String 2-Covers with No Length Restrictions
Itai Boneh, Shay Golan, Arseny Shur
TL;DR
The paper addresses the general 2-cover problem for strings, extending prior work on balanced 2-covers to arbitrary substring pairs. It introduces a geometric reformulation that maps the coverage condition to low- and high-dimensional range queries, enabling near-linear time algorithms for reporting all 2-covers up to a length bound, computing the shortest 2-cover, and building a 2-cover oracle. Central innovations include a core-set decomposition separating non-highly periodic from highly periodic substrings, a 2CNF-based range data structure to test cover predicates, and a free-points reporting framework to efficiently enumerate core covers before extending them via periodicity-aware operations. The results yield practical near-linear-time solutions with provable bounds: All_2-covers(S,m) in $ ilde{O}(n + \text{Output})$, Shortest_2-cover(S) in $ ilde{O}(n)$, and 2-cover_Oracle(S) in $ ilde{O}(n)$ preprocessing with $O(\log^3 n)$ query time. Together, these contributions advance the algorithmic toolkit for string covers, enabling scalable analysis and reporting of 2-covers in large strings and enabling practical use in search, indexing, and context-aware string processing.
Abstract
A $λ$-cover of a string $S$ is a set of strings $\{C_i\}_1^λ$ such that every index in $S$ is contained in an occurrence of at least one string $C_i$. The existence of a $1$-cover defines a well-known class of quasi-periodic strings.

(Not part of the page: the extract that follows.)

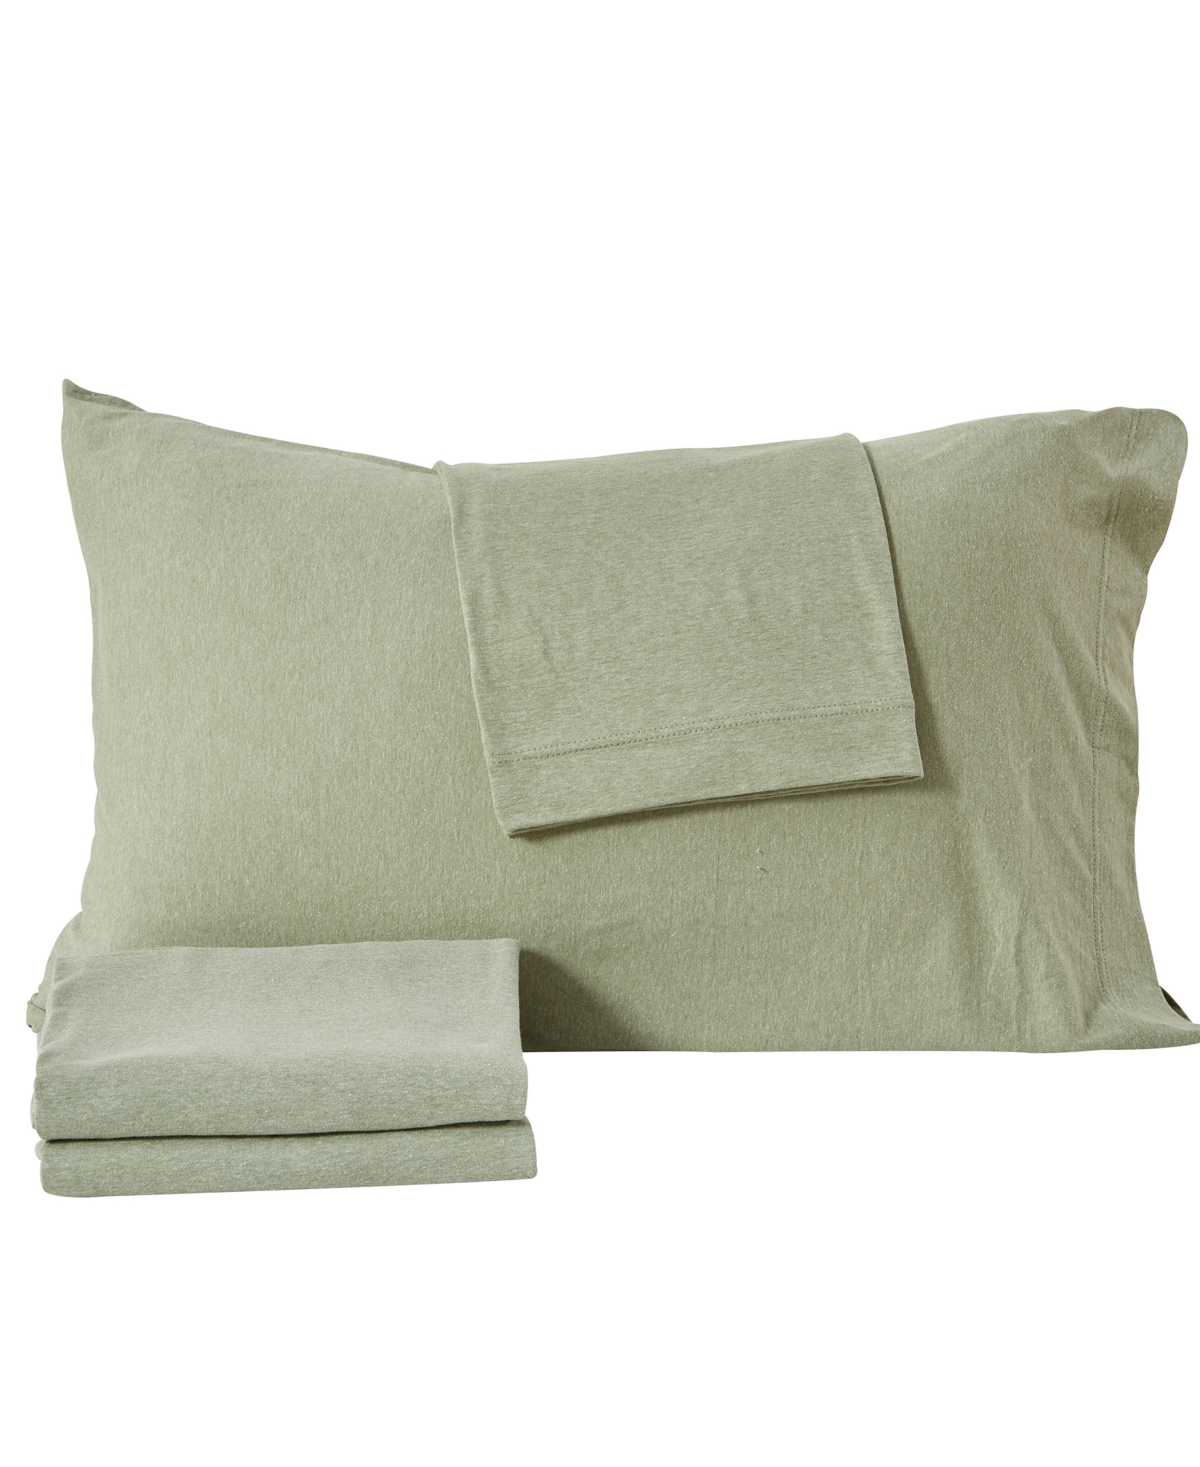 Premium Comforts Heathered Melange T-shirt Jersey Knit Cotton Blend 4 Piece Sheet Set, Twin Xl In Heathered Eucalyptus

Quasi-periodicity can be decided in linear time, and all $1$-covers of a string can be reported in linear time plus the size of the output. Since in general it is NP-complete to decide whether a string has a $λ$-cover, the natural next step is the development of efficient algorithms for $2$-covers. Radoszewski and Straszyński [ESA 2020] analysed the particular case where the strings in a $2$-cover must be of the same length. They provided an algorithm that reports all such $2$-covers of $S$ in time near-linear in $|S|$ and in the size of the output. In this work, we consider $2$-covers in full generality. Since every length-$n$ string has $Ω(n^2)$ trivial $2$-covers (every prefix and suffix of total length at least $n$ constitute such a $2$-cover), we state the reporting problem as follows: given a string $S$ and a number $m$, report all $2$-covers $\{C_1,C_2\}$ of $S$ with length $|C_1|+|C_2|$ upper bounded by $m$. We present an $\tilde{O}(n + Output)$ time algorithm solving this problem, with Output being the size of the output. This algorithm admits a simpler modification that finds a $2$-cover of minimum length. We also provide an $\tilde{O}(n)$ time construction of a $2$-cover oracle which, given two substrings $C_1,C_2$ of $S$, reports in poly-logarithmic time whether $\{C_1,C_2\}$ is a $2$-cover of $S$.